Artikel 12 Leiding - Gas
12.1 Bestemmingsomschrijving
De voor 'Leiding - Gas' aangewezen gronden zijn behalve voor de andere daar geldende bestemmingen, tevens bestemd voor een ondergrondse leiding voor het transport van gas met een diameter van ten hoogste 8 inch en een druk van ten hoogste 40 bar met de daarbij behorende belemmeringenstrook van 4 meter aan weerszijden van de leiding.
12.2 Bouwregels
Voor het bouwen gelden de volgende regels:
-
a. op de gronden binnen de belemmeringenstrook van 4 meter aan weerszijden van de leiding mogen ten behoeve van de in 12.1 genoemde bestemming uitsluitend bouwwerken, geen gebouwen zijnde, worden gebouwd met een bouwhoogte van ten hoogste 3 m;
-
b. ten behoeve van de andere, voor deze gronden geldende bestemmingen mag met inachtneming van de voor de betrokken bestemmingen geldende (bouw)regels uitsluitend worden gebouwd, indien het bouwplan betrekking heeft op vervanging, vernieuwing of verandering van bestaande bouwwerken, waarbij de oppervlakte, voor zover gelegen op of onder peil, niet wordt uitgebreid en gebruik wordt gemaakt van de bestaande fundering.

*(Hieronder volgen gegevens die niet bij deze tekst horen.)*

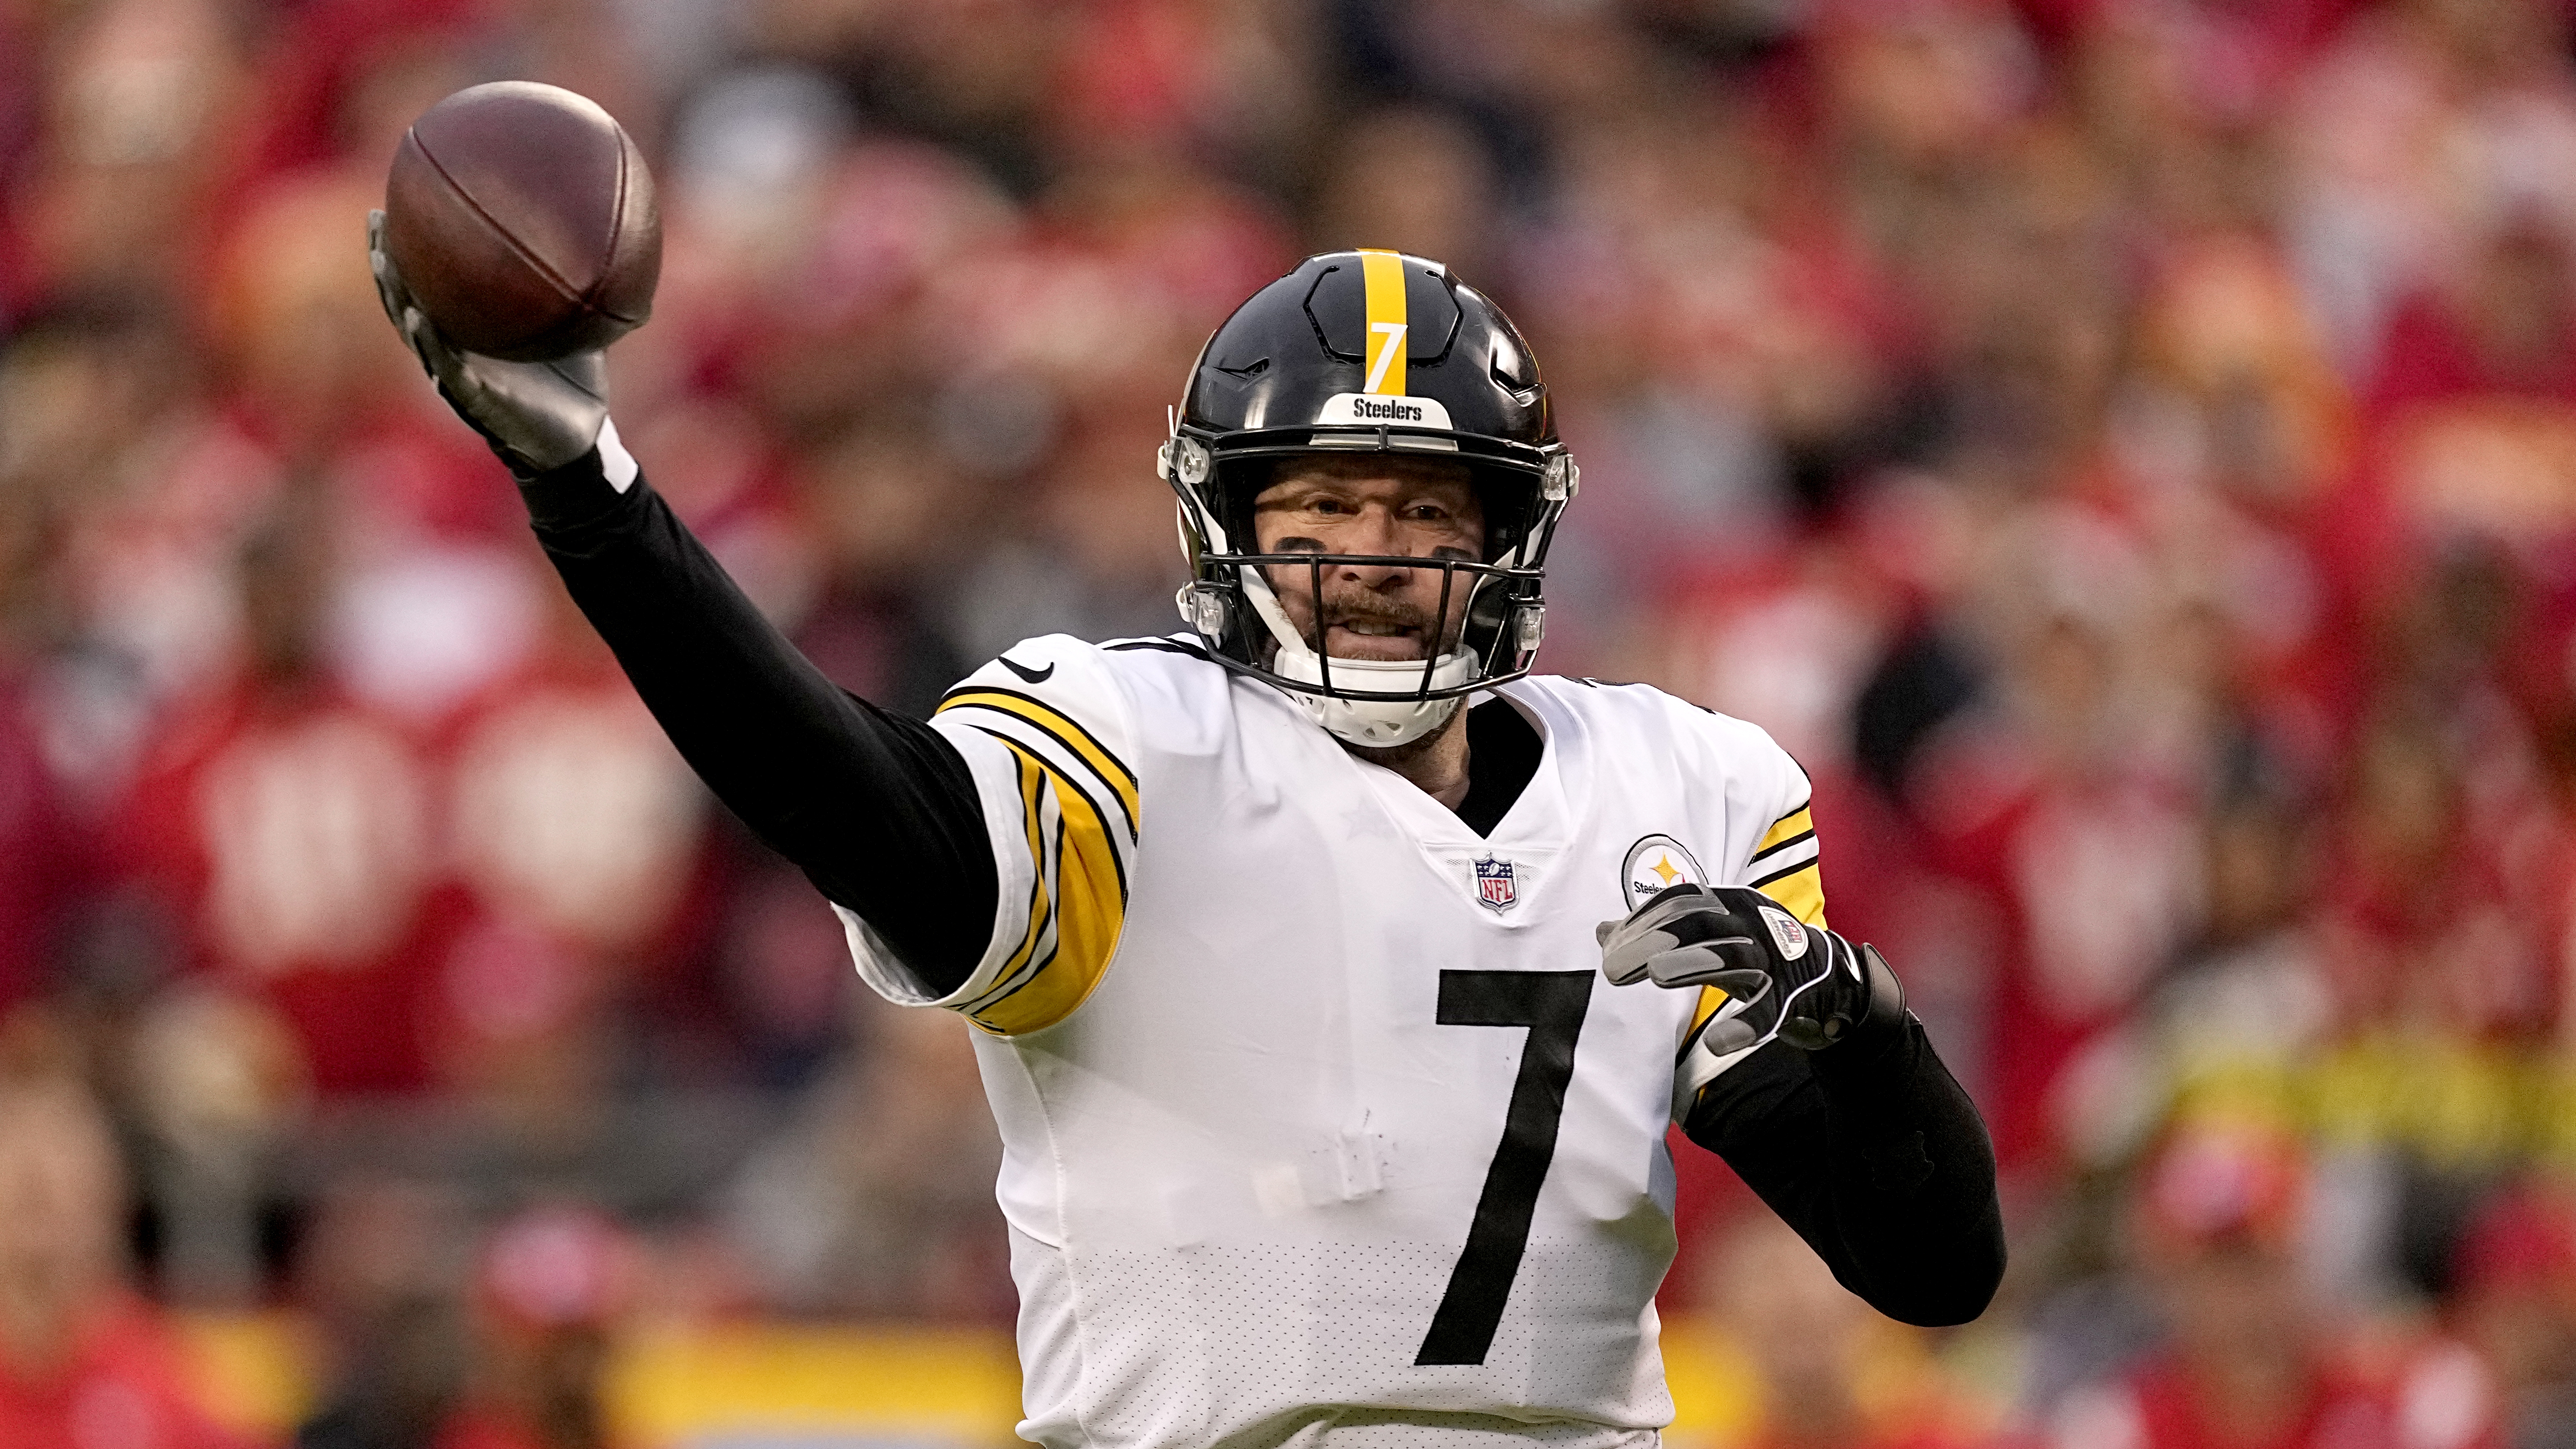 Ben Roethlisberger Hints at Retirement; Monday Could Be Final Steelers Home Game

12.3 Afwijken van de bouwregels
Met een omgevingsvergunning kan worden afgeweken van het bepaalde in artikel 12.2 voor het bouwen overeenkomstig de andere daar voorkomende bestemmingen indien de veiligheid van de betrokken leiding niet wordt geschaad en vooraf schriftelijk advies is ingewonnen bij de betrokken leidingexploitant. Een omgevingsvergunning kan slechts worden verleend indien geen kwetsbare objecten worden toegelaten.
12.4 Omgevingsvergunning voor het uitvoeren een werk, geen bouwwerk zijnde, of van werkzaamheden
12.4.1 Omgevingsvergunningplicht
Het is verboden op of in deze gronden zonder of in afwijking van een omgevingsvergunning de volgende werken, geen bouwwerken zijnde, of werkzaamheden uit te voeren, te doen of te laten uitvoeren:
-
a. het aanbrengen van diepwortelende beplantingen en bomen;
-
b. het aanleggen van wegen of paden en het aanbrengen van andere oppervlakteverhardingen;
-
c. het indrijven van voorwerpen in de bodem;
-
d. het uitvoeren van grondbewerkingen, waartoe worden gerekend afgraven, woelen, mengen, diepploegen, egaliseren, ontginnen, ophogen en aanleggen van drainage;
-
e. het aanleggen, vergraven, verruimen of dempen van sloten, vijvers en andere wateren;
-
f. het permanent opslaan van goederen.
12.4.2 Uitzonderingen
Het onder 12.4.1 opgenomen verbod is niet van toepassing op werken of werkzaamheden:
-
a. die reeds in uitvoering zijn op het van kracht worden van het plan;
-
b. die het normale onderhoud ten aanzien van de leiding en belemmeringenstrook of ten aanzien van de functies van de andere voorkomende bestemming(en) betreffen;
-
c. welke graafwerkzaamheden als bedoeld in de Wet informatie-uitwisseling ondergrondse netten vormen.
12.4.3 Toelaatbaarheid
-
a. De onder 12.4.1 genoemde vergunning kan worden verleend indien de betreffende werken of werkzaamheden niet strijdig zijn met de veiligheid van de leiding en van de bijbehorende belemmeringenstrook.
-
b. Alvorens een omgevingsvergunning te verlenen wint het bevoegd gezag advies in bij de leidingbeheerder omtrent de vraag of door de voorgenomen werken of werkzaamheden de belangen van de leiding niet onevenredig worden geschaad en welke voorwaarden gesteld dienen te worden om eventuele schade te voorkomen.
12.5 Wijzigingsbevoegdheid
Burgemeester en wethouders kunnen het plan wijzigen in die zin dat deze bestemming komt te vervallen, indien uit nader onderzoek is gebleken dat de leiding buiten werking is gesteld of indien deze bestemming anderszins geen doel meer heeft.